Danish Camp is an Iron Age fortified settlement in Shoeburyness in Essex. It is a Scheduled Monument under the Ancient Monuments and Archaeological Areas Act 1979, list number 1017206. The site is in the Gunners Park and Shoebury Ranges nature reserve, which is managed by the Essex Wildlife Trust.

This site is classed by Natural England as a 'slight univallate hillfort'. There are two sections remaining of the defensive banks of the settlement. The surviving part of the north-western bank is around 80 metres long, and it has an average height of 2 metres and width of 11 metres. The southern bank is slightly lower. There was an external ditch, which is now largely filled. Pottery vessels have been found dating to the Middle Iron Age, around 400 to 200 years BC, together with four round houses and many post holes and pits. There is some evidence of earlier Mesolithic and Bronze Age occupation, but as this extends beyond the site it is thought to represent general utilisation of the area.

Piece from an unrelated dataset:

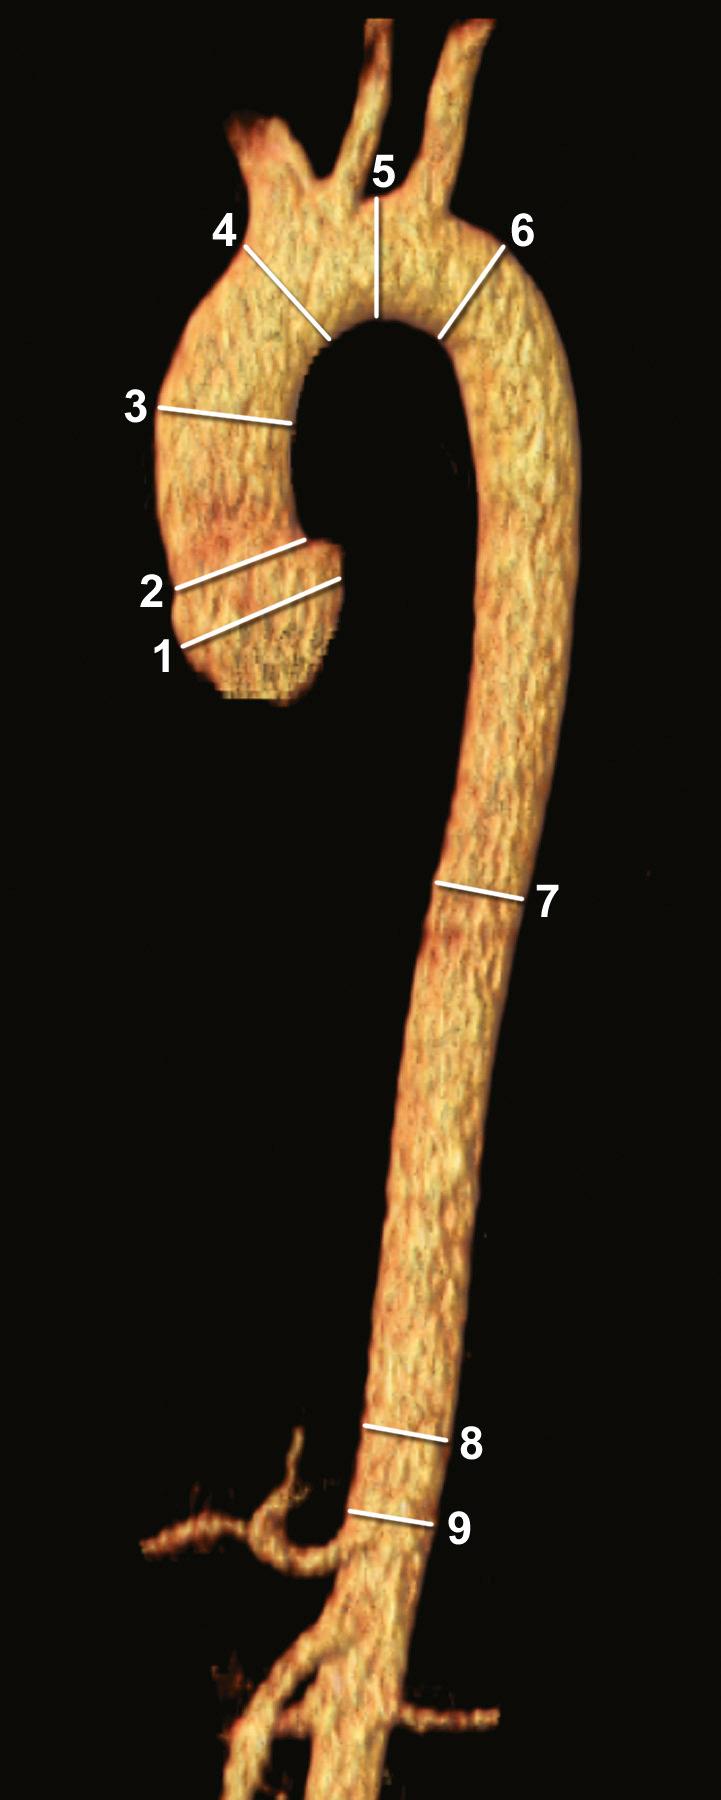 FIGURE 69-6, Current practice guidelines 43 seek to standardize the reporting of aortic diameters by indicating key anatomic locations to be measured. These include (1) the sinuses of Valsalva, (2) the sinotubular junction, (3) the mid-ascending aorta, (4) the proximal aortic arch at the origins of the innominate artery, (5) the mid-aortic arch, which is between the left common carotid and left subclavian arteries, (6) the proximal descending thoracic aorta, which begins at the isthmus (approximately 2 cm distal to the origins of the left subclavian artery), (7) the mid-descending thoracic artery, (8) the aorta at the diaphragm, and (9) the abdominal aorta at the origins of the celiac axis.

The site was agricultural land until it was purchased by the Board of Ordnance in 1849, and some of the visible Iron Age remains were probably lost at that time, while other parts have been lost to coastal erosion. There is also evidence of Roman occupation in the south-west corner.

The site is called the Danish Camp because it was thought to have been constructed by the Danish Viking leader Hastein, who is reported by the Anglo-Saxon Chronicle to have built a fort at Shoebury in 894; though he might have re-used the existing camp, no evidence has been found of Viking occupation.

There is public access to the site, which is between Ness Road and Warrior Square Road.